Recorded data:
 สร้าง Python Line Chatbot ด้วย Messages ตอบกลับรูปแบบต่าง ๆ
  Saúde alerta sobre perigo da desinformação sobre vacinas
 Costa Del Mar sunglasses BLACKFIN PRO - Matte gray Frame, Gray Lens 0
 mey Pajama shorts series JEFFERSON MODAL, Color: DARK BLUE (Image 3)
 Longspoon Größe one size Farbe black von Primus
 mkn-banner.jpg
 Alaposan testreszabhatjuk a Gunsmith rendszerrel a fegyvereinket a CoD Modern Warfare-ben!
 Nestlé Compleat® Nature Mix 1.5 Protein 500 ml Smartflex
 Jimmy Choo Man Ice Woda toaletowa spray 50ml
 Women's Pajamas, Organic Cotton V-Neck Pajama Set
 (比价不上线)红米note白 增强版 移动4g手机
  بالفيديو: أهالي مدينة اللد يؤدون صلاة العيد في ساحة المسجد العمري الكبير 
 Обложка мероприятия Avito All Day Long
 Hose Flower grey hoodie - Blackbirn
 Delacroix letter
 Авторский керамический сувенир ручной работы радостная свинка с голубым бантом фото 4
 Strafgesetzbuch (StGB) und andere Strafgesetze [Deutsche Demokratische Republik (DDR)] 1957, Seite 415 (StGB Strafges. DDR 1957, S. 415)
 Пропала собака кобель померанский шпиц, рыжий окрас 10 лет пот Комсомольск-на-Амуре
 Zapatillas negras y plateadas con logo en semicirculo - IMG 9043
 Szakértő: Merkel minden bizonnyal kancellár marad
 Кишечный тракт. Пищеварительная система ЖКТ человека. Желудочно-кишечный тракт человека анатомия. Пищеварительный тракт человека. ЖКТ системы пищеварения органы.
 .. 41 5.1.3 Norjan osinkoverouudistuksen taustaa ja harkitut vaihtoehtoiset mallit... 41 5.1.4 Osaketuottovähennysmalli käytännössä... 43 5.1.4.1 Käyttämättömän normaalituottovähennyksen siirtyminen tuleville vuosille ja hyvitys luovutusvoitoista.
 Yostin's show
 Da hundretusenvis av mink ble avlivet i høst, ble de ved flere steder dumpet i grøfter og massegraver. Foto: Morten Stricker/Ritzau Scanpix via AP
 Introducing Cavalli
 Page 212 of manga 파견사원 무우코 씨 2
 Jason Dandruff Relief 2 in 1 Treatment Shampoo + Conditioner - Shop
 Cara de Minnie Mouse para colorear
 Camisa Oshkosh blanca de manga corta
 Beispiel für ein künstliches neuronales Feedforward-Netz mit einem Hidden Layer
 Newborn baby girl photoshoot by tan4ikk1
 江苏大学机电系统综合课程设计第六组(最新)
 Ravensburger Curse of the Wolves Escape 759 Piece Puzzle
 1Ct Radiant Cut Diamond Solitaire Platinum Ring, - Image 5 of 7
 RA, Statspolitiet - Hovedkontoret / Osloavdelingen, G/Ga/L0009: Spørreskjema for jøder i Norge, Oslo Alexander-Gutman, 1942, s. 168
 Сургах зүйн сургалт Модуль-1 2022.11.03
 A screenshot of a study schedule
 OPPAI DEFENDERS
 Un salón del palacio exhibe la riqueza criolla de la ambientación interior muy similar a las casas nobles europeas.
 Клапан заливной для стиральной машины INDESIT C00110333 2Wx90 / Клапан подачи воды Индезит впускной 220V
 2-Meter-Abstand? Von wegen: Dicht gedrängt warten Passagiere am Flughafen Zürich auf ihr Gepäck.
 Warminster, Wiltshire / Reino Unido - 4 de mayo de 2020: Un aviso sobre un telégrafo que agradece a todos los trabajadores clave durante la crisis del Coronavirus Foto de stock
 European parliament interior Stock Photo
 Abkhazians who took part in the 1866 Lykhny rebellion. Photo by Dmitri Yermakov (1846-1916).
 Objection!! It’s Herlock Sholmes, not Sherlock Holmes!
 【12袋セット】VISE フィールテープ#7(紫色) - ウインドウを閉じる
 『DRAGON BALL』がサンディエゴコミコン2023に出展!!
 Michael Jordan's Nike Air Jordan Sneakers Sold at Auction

Exercise aim - Nothing but the lines from the start of the data through the line holding "(比价不上线)红米note白 增强版 移动4g手机" should be restated, and each one exactly.

Expected answer -
 สร้าง Python Line Chatbot ด้วย Messages ตอบกลับรูปแบบต่าง ๆ
  Saúde alerta sobre perigo da desinformação sobre vacinas
 Costa Del Mar sunglasses BLACKFIN PRO - Matte gray Frame, Gray Lens 0
 mey Pajama shorts series JEFFERSON MODAL, Color: DARK BLUE (Image 3)
 Longspoon Größe one size Farbe black von Primus
 mkn-banner.jpg
 Alaposan testreszabhatjuk a Gunsmith rendszerrel a fegyvereinket a CoD Modern Warfare-ben!
 Nestlé Compleat® Nature Mix 1.5 Protein 500 ml Smartflex
 Jimmy Choo Man Ice Woda toaletowa spray 50ml
 Women's Pajamas, Organic Cotton V-Neck Pajama Set
 (比价不上线)红米note白 增强版 移动4g手机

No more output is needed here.